The obvious downside of a mass edit is that the last-edit date of the elements are also updated, causing those elements to appear as if they are up-to-date to software that evaluates that (like StreetComplete) even if they are not.

Also, there are many more opening hours strings that are invalid according to the spec but still unambiguous enough that a lenient parser can understand them. From the numbers above, this would be about 100,000 opening hours. So, your edit would just fix less than 1% of these invalid but unambiguous opening hours.

1 Like

From a visual inspection, I believe the main source is someone copying/pasting from websites. Some mappers just do this, others fix the syntax, but forget/can’t see the different dashes (almost impossible to see this difference on iD, for example).

I also believe some languages use different chars, leading to this problem too.

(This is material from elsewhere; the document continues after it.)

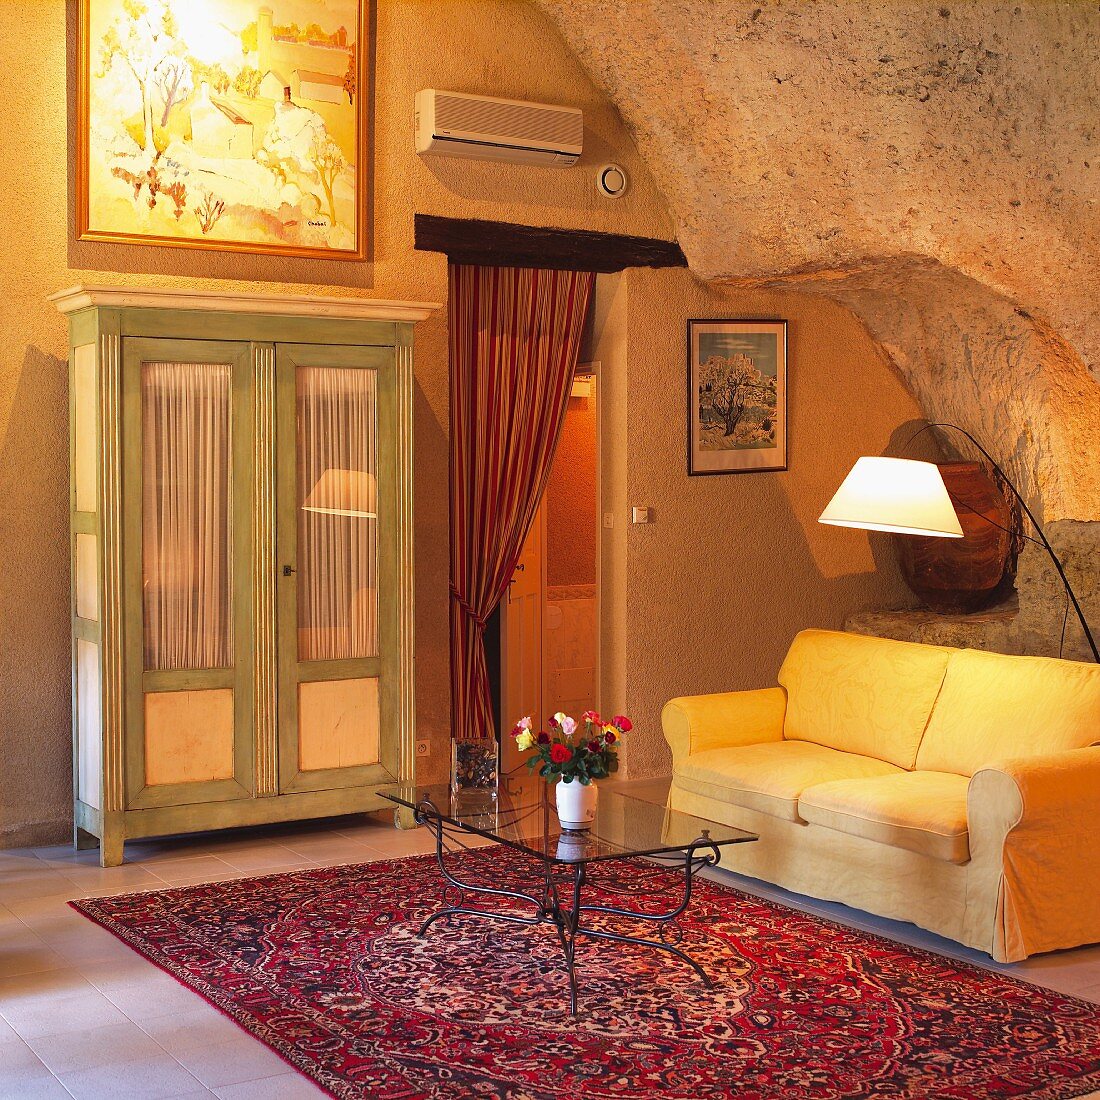 Glastisch auf Orientteppich vor gelber Couch und schlichter Bauern-Vitrinenschrank im Wohnraum mit felsenartiger Wand
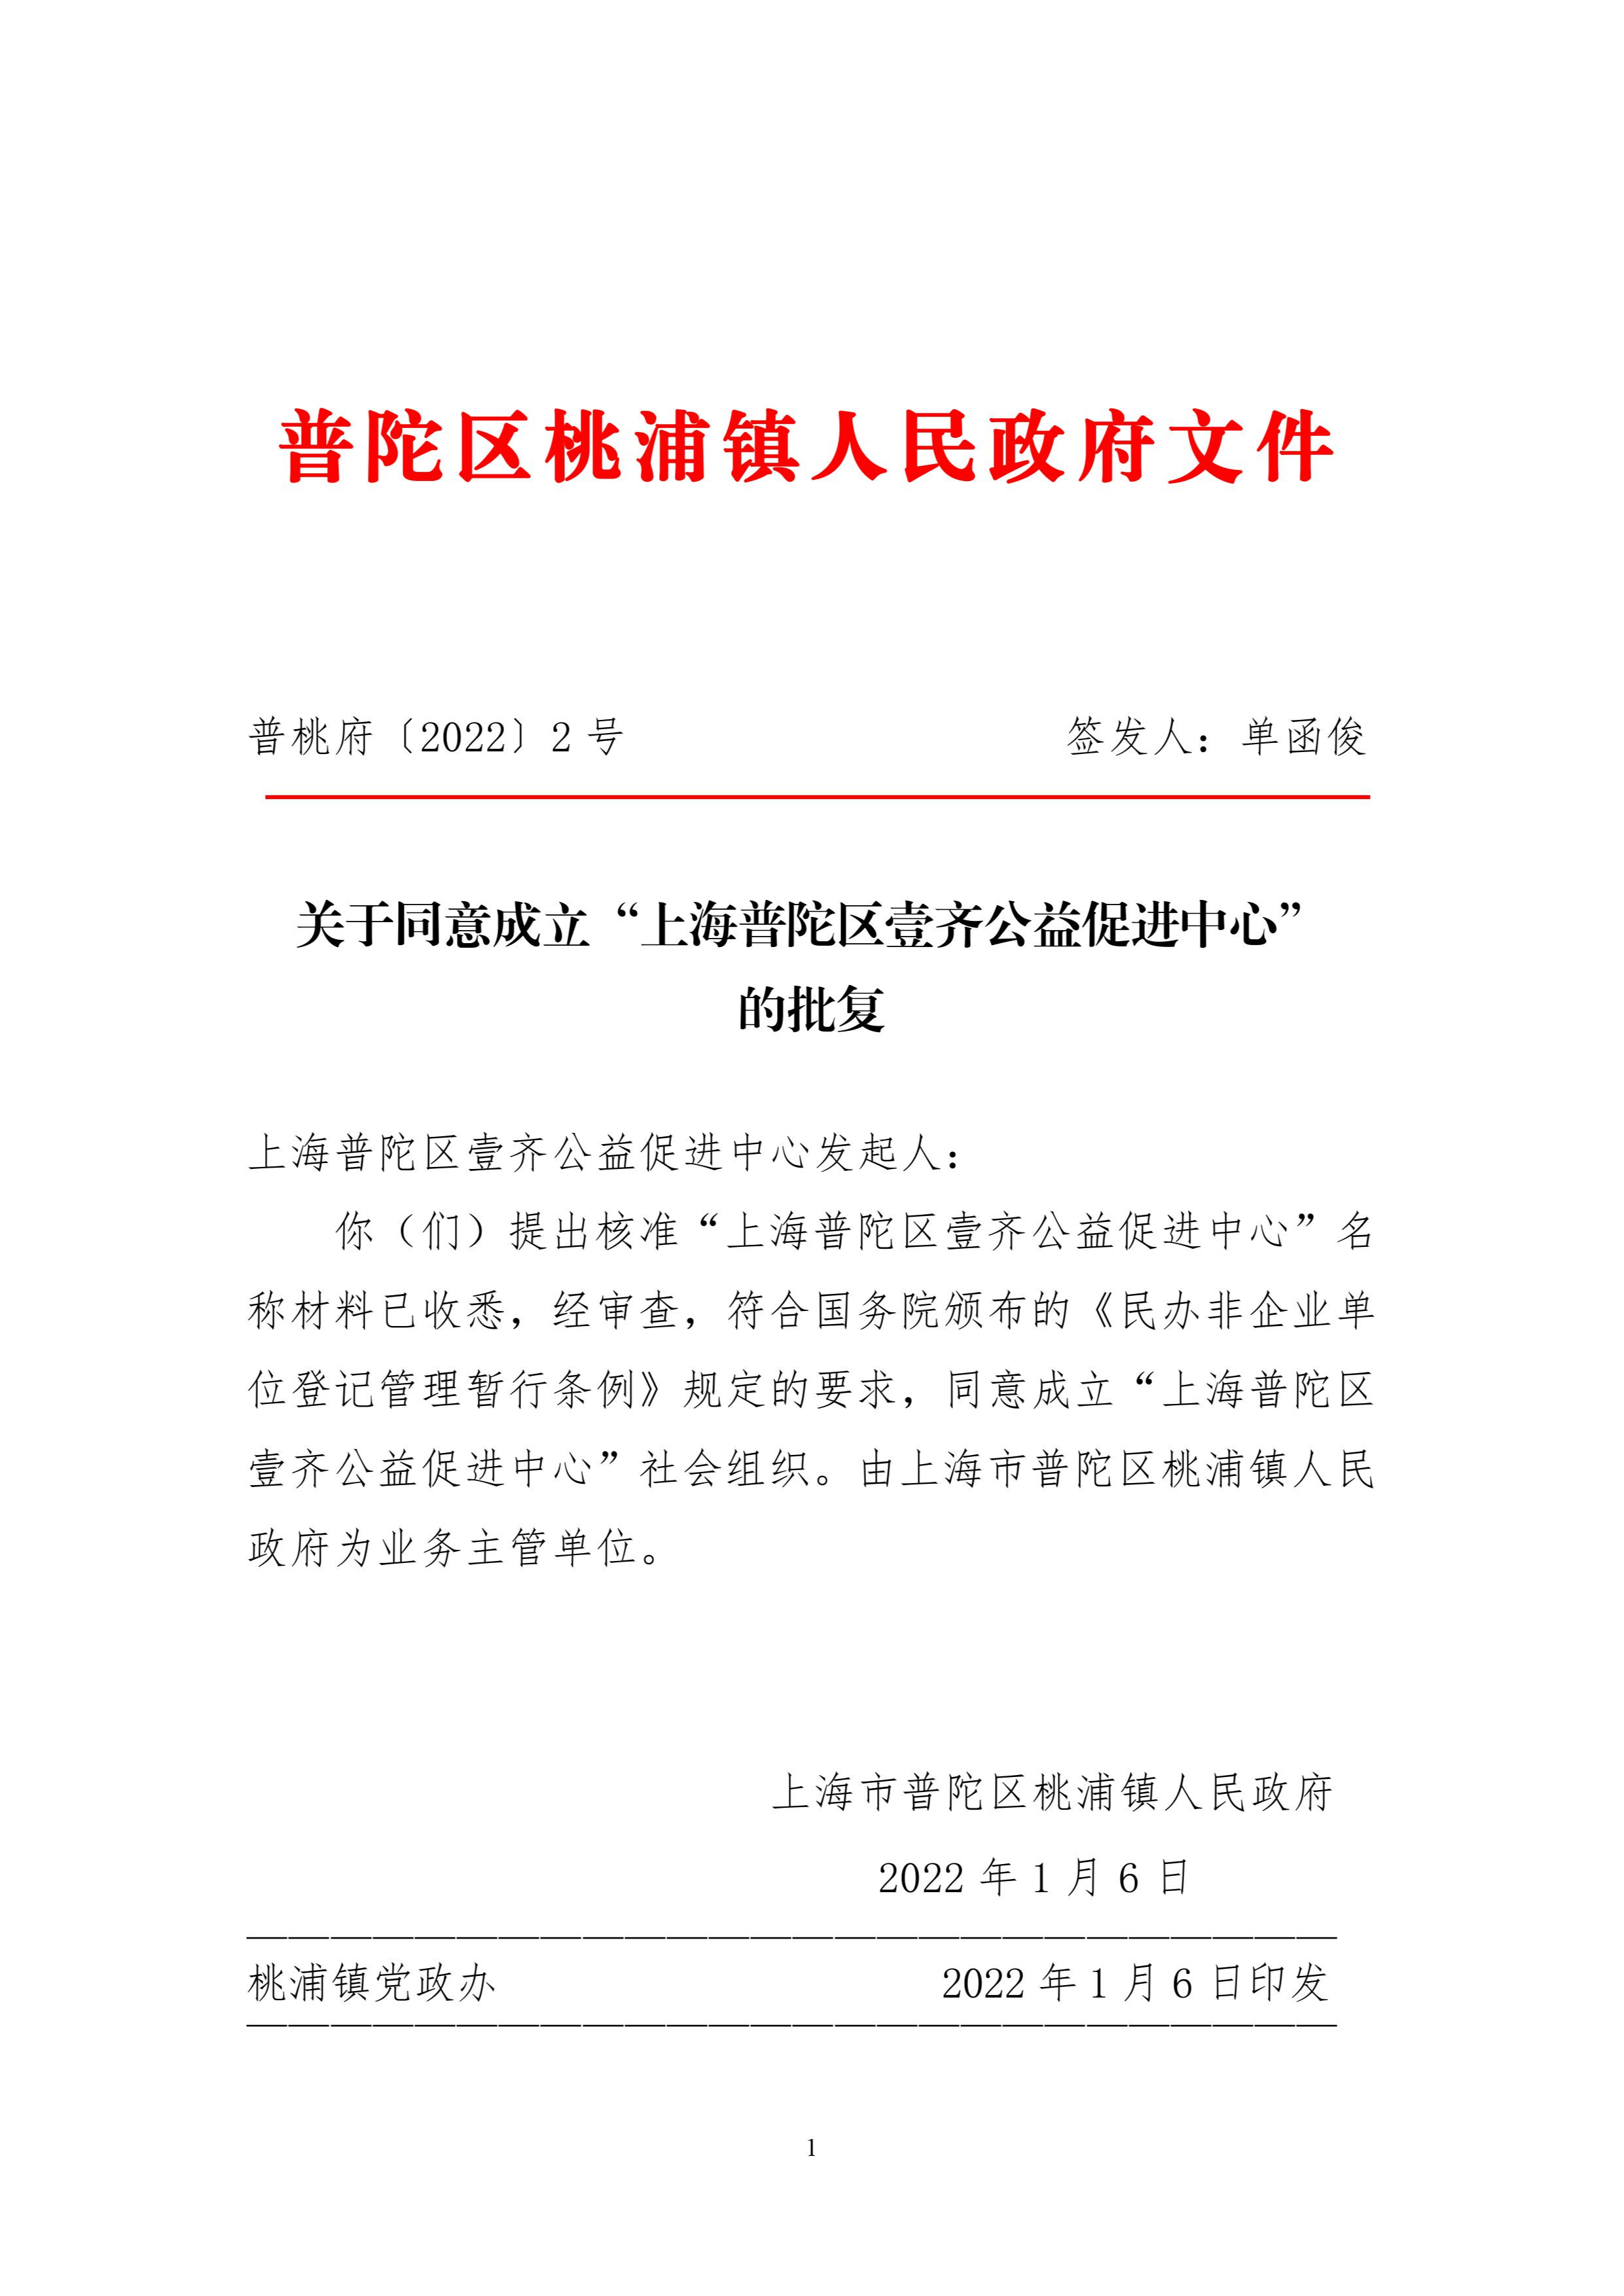 关于同意成立“上海普陀区壹齐公益促进中心”的批复

I’m not trying to fix all ambiguous OH, the idea here is to quickly fix non-standard dashes (right now I’m taking more time to create this message than to perform the fix).

On a quick glance on Overpass, you can see some cases that OH will be COMPLETELY fixed by this quick fix:

Doesn’t StreetComplete use check_date for that?


Other automated edits can be performed to fix other parts of Opening Hours (such as MO → Mo; Monday to Friday → Mo-Fr etc), but this fix is not intended to fix those cases.

Copy and paste from something on the internet would be my guess - but you’re right that “actually asking people about the source” is the way to go.

Another source of these characters is that some operating systems helpfully convert typewriter punctuation to “smart” punctuation. iD explicitly disables the autocorrection feature in Safari on macOS and iPadOS, but both Go Map!! and Every Door insert smart punctuation by default on iOS. This mainly affects curly quotes, but you can also get an em dash by typing --, for example.

6 Likes

See Automated edit proposal - convert non-standard dashes to standard dashes - #14 by SimonPoole

After this new round of discussion, I did the fix again:

https://www.openstreetmap.org/user/matheusgomesms-import/history#map=2/19.8/10.5

547 nodes, 142 ways, and 1 relation were edited. It took me 30 min, because I was manually trying to upload smaller bboxes (some of them are not small and for sure I’ll receive some complaints). If not for that, it would take me about 2 minutes to edit all of them in the whole world.

Let’s see how it goes again in 6 months. Thank you all for the discussion! :smiley:

4 Likes

You seem to have missed some.

There is a question about what to do with opening_hours:covid19? Are they still a thing anywhere?

1 Like

Have you tried following advise of @SimonPoole ? If some editors keep adding it - maybe it would be worth reporting to maintainers of that editing software?